Were any of these shows picked up because they’re hits? Of course not. Outsourced has actually performed the best of the three; LOLA looks like the franchise’s equivalent of “Joey” — beloved New York franchises just shouldn’t move to California — and “The Event” has bled viewers every week up until this point, and its ratings are becoming embarrassing despite its promising start. But this is such a bad season for new shows that merely not being Lone Star or My Generation is enough to get a renewal. (So Fox gave Raising Hope its first full-season pickup despite having not many overall viewers last week, based on some good reviews, some support at the network, and doing okay with young viewers thanks to the post-Glee time slot. I enjoy Raising Hope, but in a better season it would be a bubble show at best.) NBC, ABC and Fox have all had high-profile bombs this season — though NBC still hasn’t canceled Undercovers, perhaps the biggest bomb of the year in terms of likely cost-to-performance ratio — but ABC and Fox both have a couple of big hits each to sustain them until a hopefully-better 2011. NBC has no hits on the level of Grey’s Anatomy or Glee, and not much in the pipeline for midseason, so its under-performing shows have a better chance than any other network’s. That, in short, is why fans of Chuck can look at the show’s ratings and take heart: it’s on a network where not being Undercovers might be enough to get it to the end of the season and maybe even beyond.

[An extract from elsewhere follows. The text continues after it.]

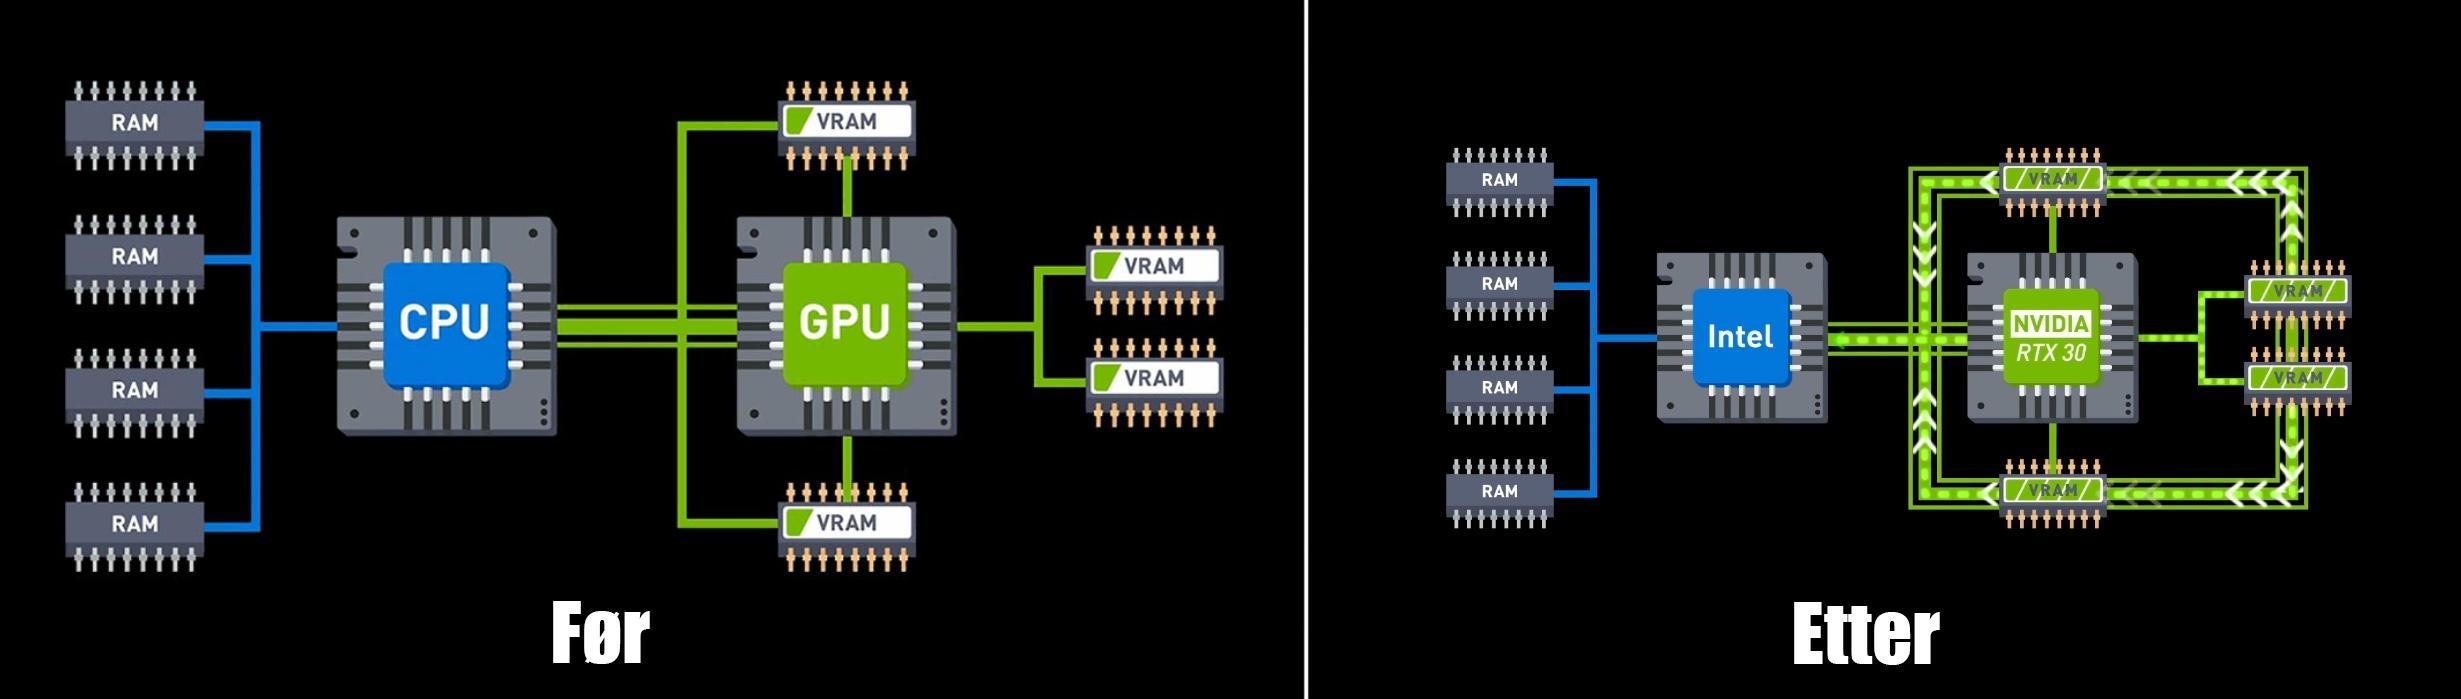 Her har MSI forsøkt å illustrere hvordan informasjon flyttes mellom prosessor (CPU) og grafikkort (GPU) før og etter ReBAR er aktivert.

Just to pick on NBC for a little while longer, one of the most entertaining bits of news is that their performance in the 10 p.m. hour may be actually worse than it was when Jay Leno was there, with shows that cost more than Leno’s. This doesn’t mean they were right to do the Leno experiment, though, especially since even this year’s failures work a little better as lead-ins for their affiliates’ local news. It’s more a sign that once a network destroys an important hour it’s tough to rebuild it. The most important example, of course, is Law & Order SVU, an important and fairly reliable 10 p.m. performer. By moving it to 9 to make room for Leno, they hurt the show’s performance; even if they were to move it back now, it wouldn’t do what it used to do in that slot.

Getting back to the opening of this post, the other question is what the pickup of Outsourced means for the other comedies on NBC’s schedule. At this point NBC has only four comedy slots, with a ton of unpromising single-camera comedies picked up for midseason, plus the wonderful Parks & Recreation. If they want to keep only the four slots rather than opening up another hour of comedy somewhere, they’ll have to dump something — and since it’s not going to be Outsourced, that would seem to put a big bulls-eye on Community. But that show’s ratings, while bad, have the same thing going for them as Chuck: the show is on a network that has other shows whose ratings are even worse, and the executives have to worry about those shows first. If I had to guess I would say that NBC finds an extra comedy hour somewhere, maybe to replace Undercovers after they finally give up on it. If they did that, even if it didn’t work out, it could at least lay the groundwork for an extra hour next season, when the network will really need to re-think its scheduling from the ground up.

Note: I said it will “need to” rethink its scheduling strategy; not that it will. After all, there’s lots of stuff that seemed obviously necessary that NBC still hasn’t done. My favourite example, unsurprisingly, is that the network ordered a ton of multi-camera sitcom pilots last year, including some fairly promising ones, and then refused to pick up any of them. Probably good news in the long run for the creators of some of those pilots, but (along with last year’s retooling of 100 Questions into a quasi-single-camera show) a sign of a network that continues to double down on strategies that aren’t working for them.